Any time a strategic decision changes how the company is owned, governed or contractually bound — incorporation, fundraising, M&A, restructuring, shareholder agreements, or major commercial contracts. Earlier engagement always costs less than later remediation.

A notary (notaire) is a public officer who authenticates specific deeds (mainly real-estate transfers and certain family-law acts). A corporate lawyer (avocat) advises on strategy, negotiates and drafts company documents, and represents you in disputes. The two roles complement rather than overlap.

Yes — most of our clients are foreign suppliers, investors or holding entities. We bridge the gap between French law and your home jurisdiction's expectations and deliver everything bilingually.

The SAS (Société par Actions Simplifiée) is the default choice for most international structures: flexible governance, single shareholder allowed, no minimum capital, and works cleanly with foreign holding entities. We assess SARL, SA, SCI on the merits when the situation calls for it.
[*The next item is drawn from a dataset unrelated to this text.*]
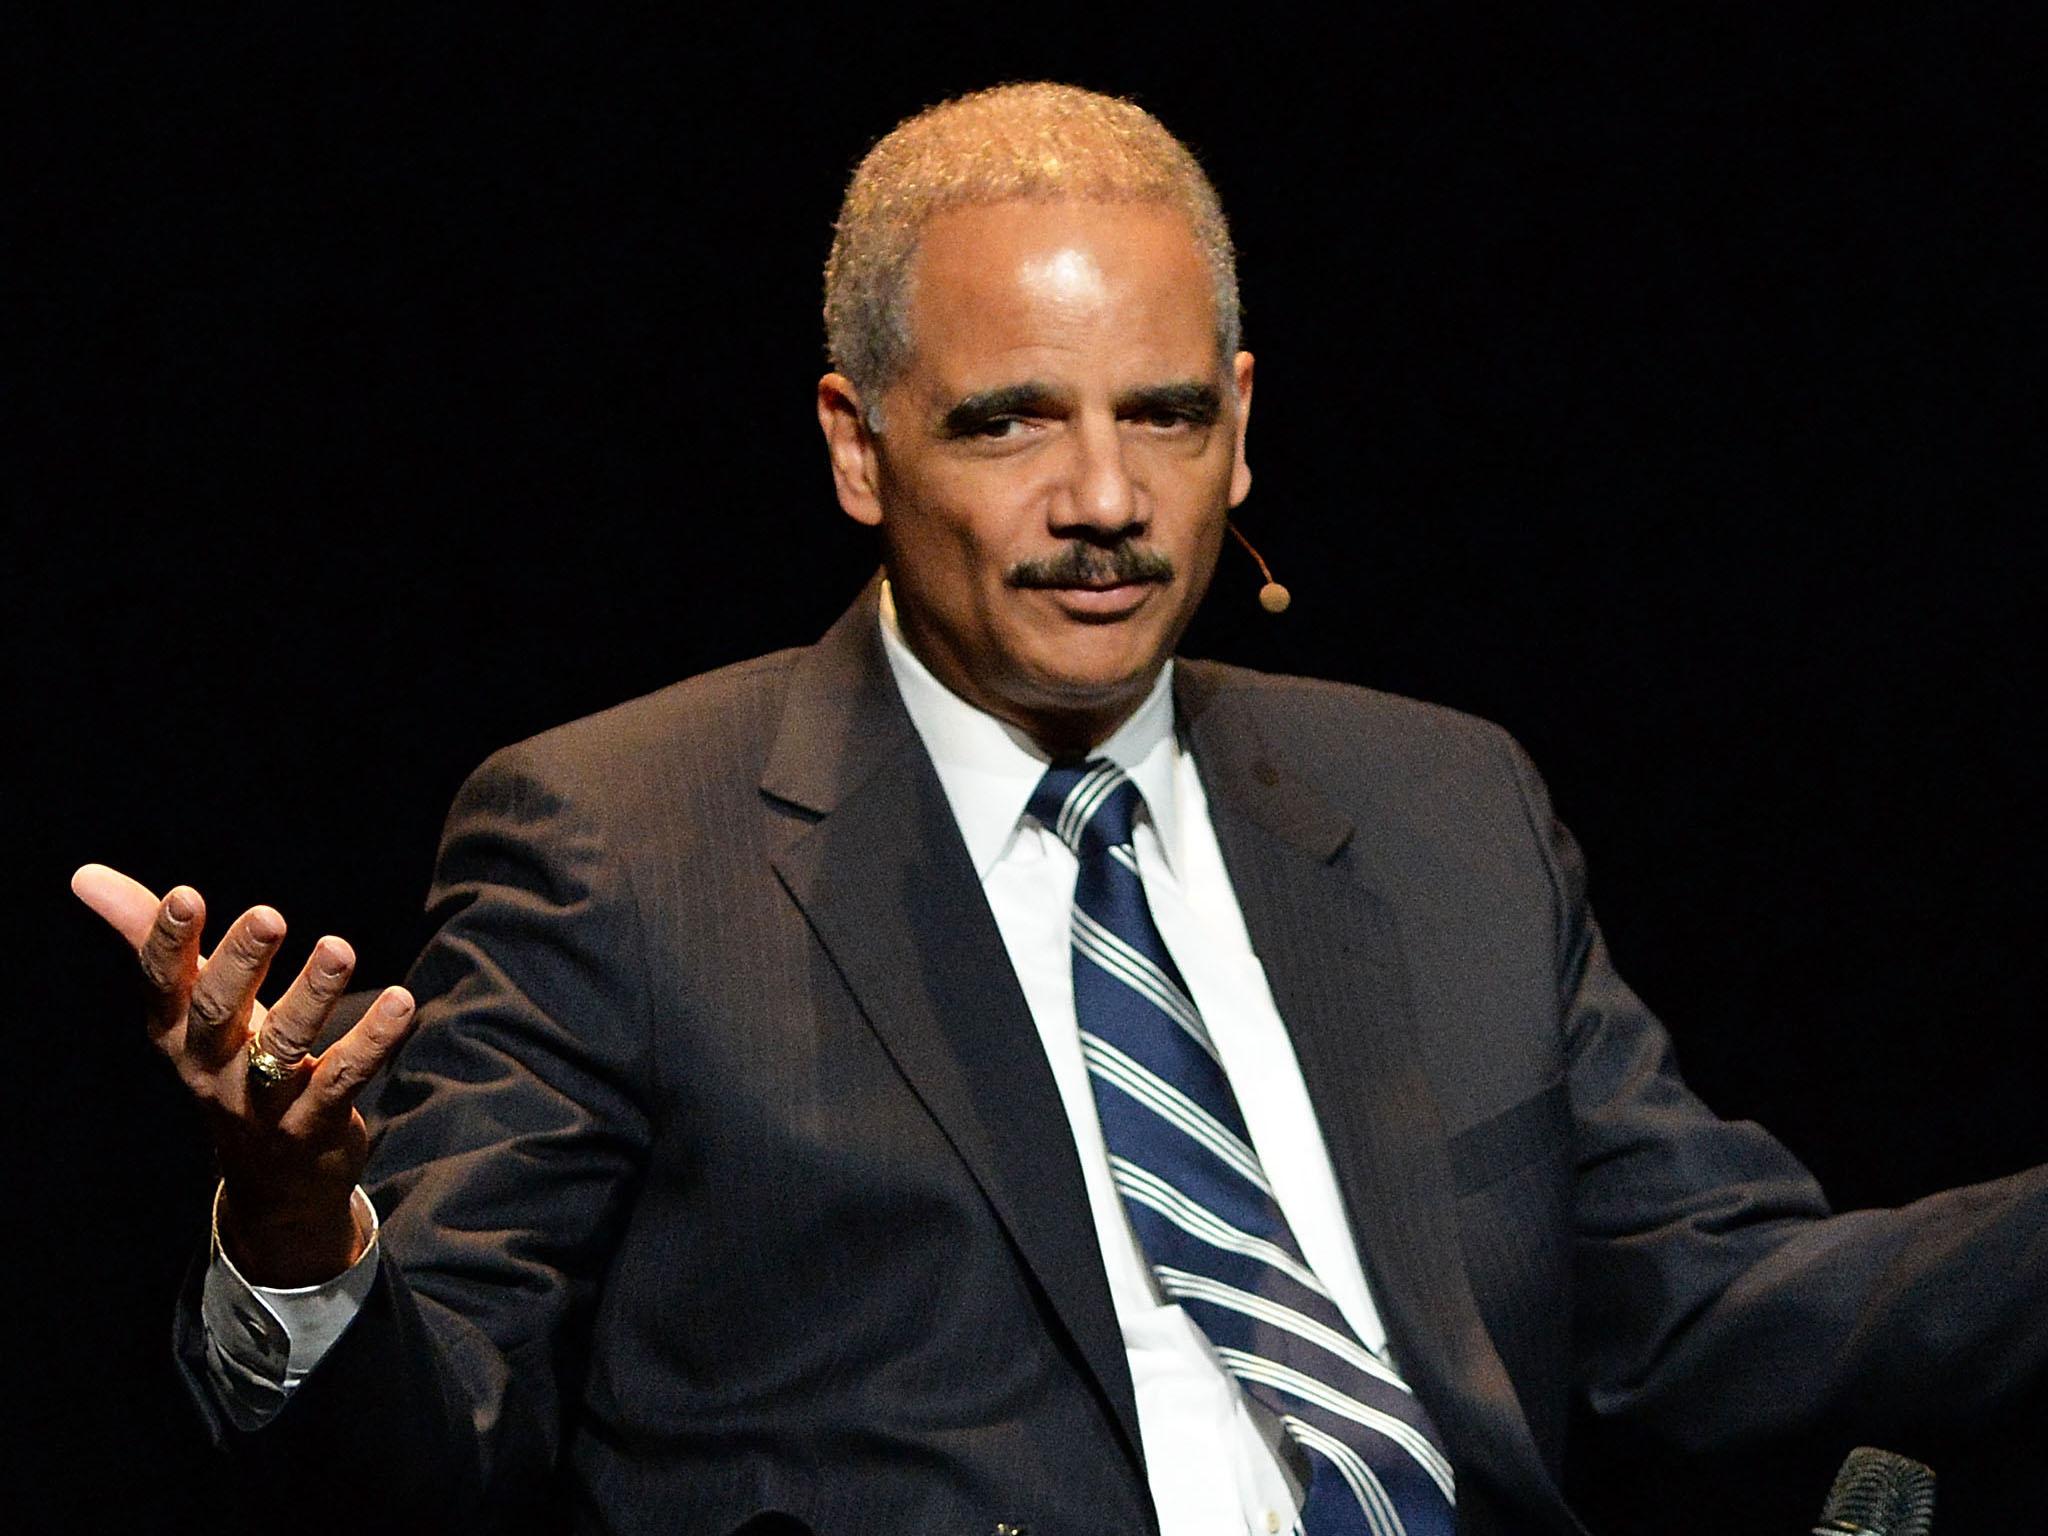 Last year, Airbnb hired Eric Holder to help craft a policy to combat discrimination occurring through the online lodging service’s platform

Yes — communications with a French avocat are protected by the secret professionnel (Article 66-5 of the Law of 31 December 1971). This protection is broader than the common-law attorney-client privilege and applies to written and oral exchanges.

We work on fixed fees for clearly scoped engagements (incorporation, contract drafting, audits) and on monthly retainers for ongoing advisory. Hourly billing is the exception, not the default. You always know the cost before work starts.

Typical timeline is 2–3 weeks from KYC kick-off to RCS registration, assuming standard documentation. Holding-company structures, foreign-shareholder identification or in-kind contributions can extend this — we flag the gating items at the first meeting.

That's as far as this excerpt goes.